でも、この後その笑顔を歪めてしまうかもと思うと心苦しい。
それでも事態の把握が出来た方が良いのも事実だ。
「エヴァちゃん、さっそくだけど・・・何があったか、話せる?」
「!・・・・・・」
「無理に、とは言わないわ。ただ・・・」
「いえ、大丈夫です」
そう答え、まっすぐ見つめてくる瞳の何と力強いことか。
この子は本当に10歳の少女なのかと思えてしまう。
わずかに震える肩を見なければ、本気で疑ってしまっただろう。
「ただ・・・あの・・・」
そうして、私の隣に視線を向ける。それだけで何を願っているのか分かった私は手招きする。
ほっとして、隣に座ろうとしたエヴァちゃんを、私は抱き寄せ膝の上に座らせる。そうして腕の中に抱きしめる。
「ひゃっ!」
「無理はしない事。いい?」
「・・・はい」
そうして語り出したところによれば。
彼女はやはり、とあるイギリスの地方領主の娘。ただし、血の繋がりはなく、預けられた身だそうだ。

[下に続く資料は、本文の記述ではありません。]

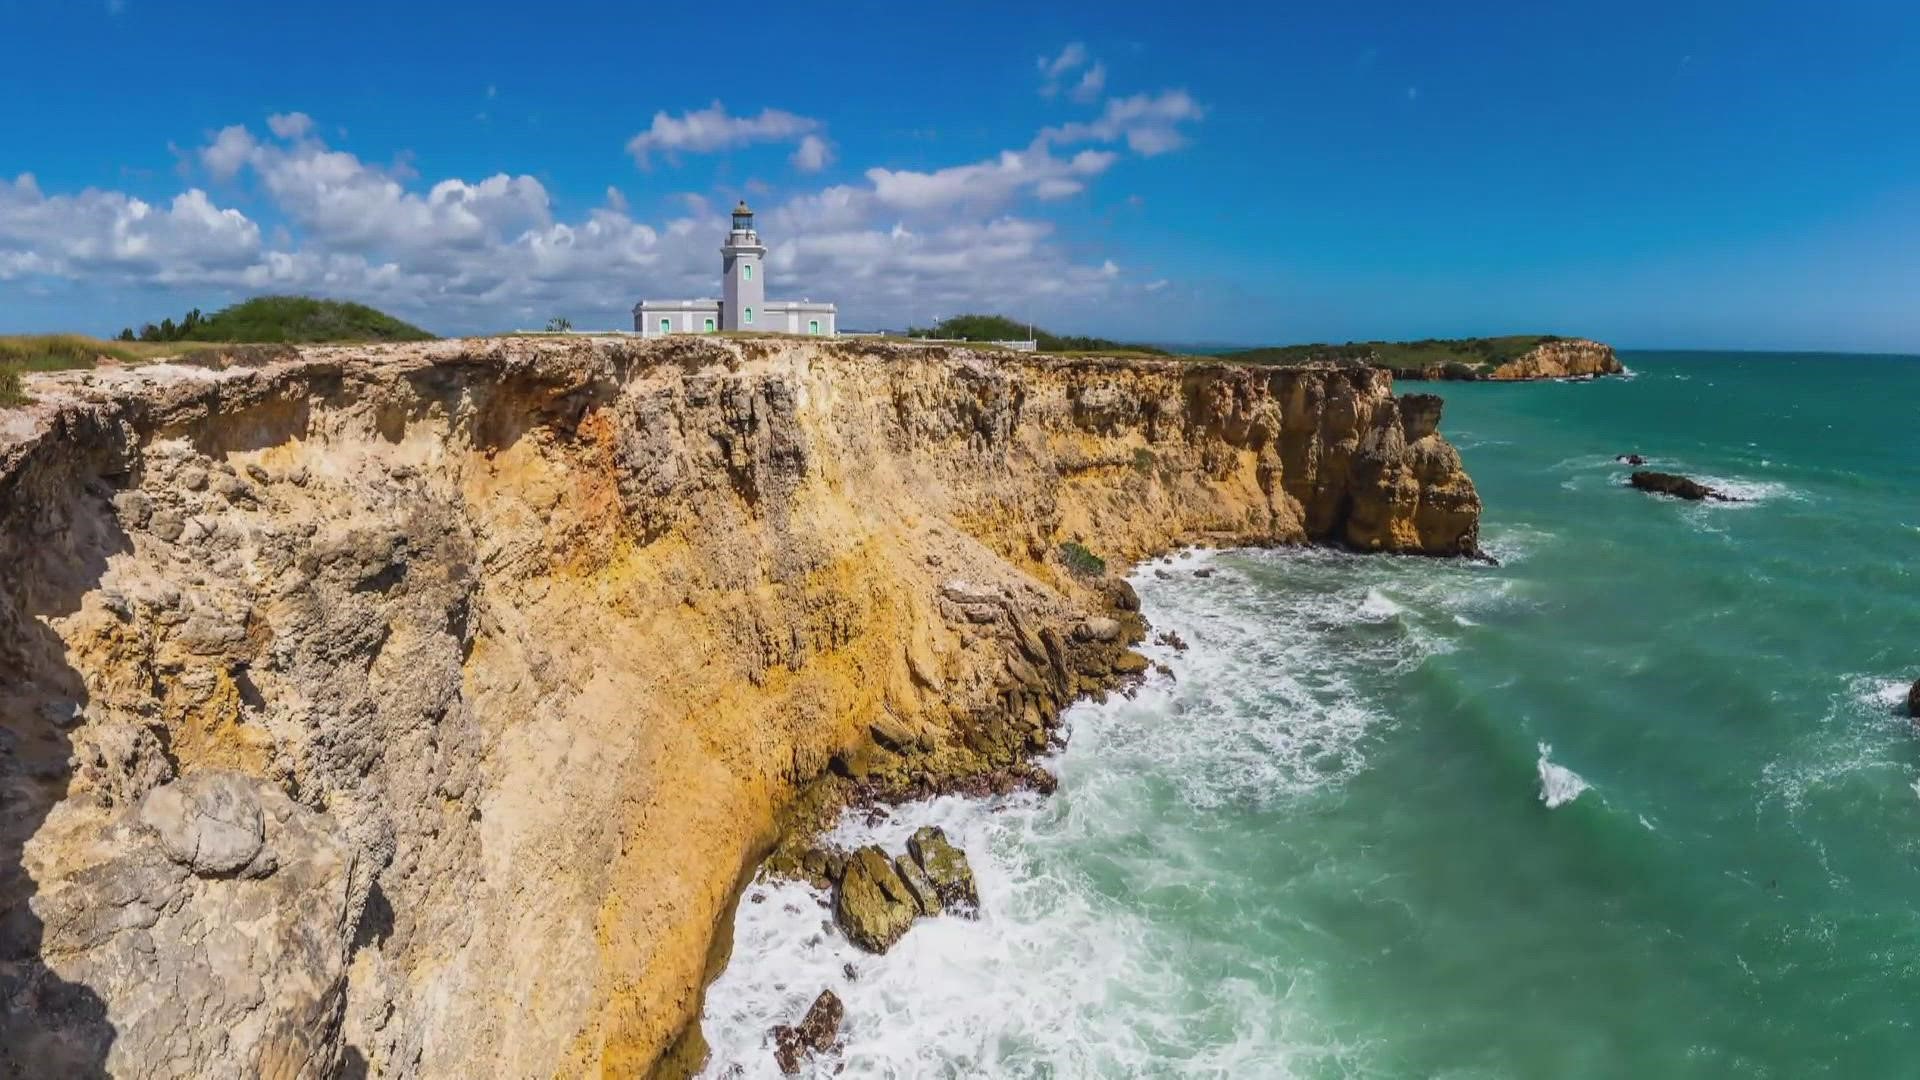 Edgar Garay, 27, was on a day trip to the southwestern coast of Puerto Rico when a witness said they saw him stumble toward the edge of the cliff Sunday evening.

1390年に生まれ、実の両親は病ですでに他界。知人であった領主夫妻に預けられ、実の娘のように可愛がられていた。
血の繋がりがない事は周囲にも公表されており、それでもなお、子供のいない領主夫婦に変わりいずれは婿を・・・などと話が出るくらい、認められていたらしい。
彼女も義理の両親に懐き、幸せに暮らしていたそうだ。
その幸せが崩れ、事が起こったのは彼女の10歳の誕生日。
途中、具合が悪くなり一旦部屋に引き揚げた後眠ってしまったそうだ。
目が覚め広間に戻ると、そこは既に血の海。
中央に立っていた男の足元には、両親の亡骸。
そこから先は断片的な記憶しかないらしい。
覚えているのは、男の話し、男が自分に呪いをかけたという事、吸血鬼と言う単語、成功に酔った男が両親を足蹴にしたこと、そして・・・右手に残る血肉を断つ感触。

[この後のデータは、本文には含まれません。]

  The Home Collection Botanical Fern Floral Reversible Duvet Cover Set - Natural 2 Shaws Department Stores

気付いた時、男の身体はばらばらになり、床に散らばっていた。
自分の力に、行った所業に恐れ慄く彼女。
しかし次の瞬間、窓からさす日の光が、いつのまにか朝になっていた事を知らせる。
このままではいずれ異変に気付かれる。
その時自分はどうなる?これだけの惨劇、1人生き残った自分の強大な力・・・
その時全てを理解していた訳でも、想像していた訳でもない。
ただ本能が、吸血鬼の真祖として覚醒した生存本能・危機察知能力が、このままここに居ることの危険性に警鐘を鳴らした。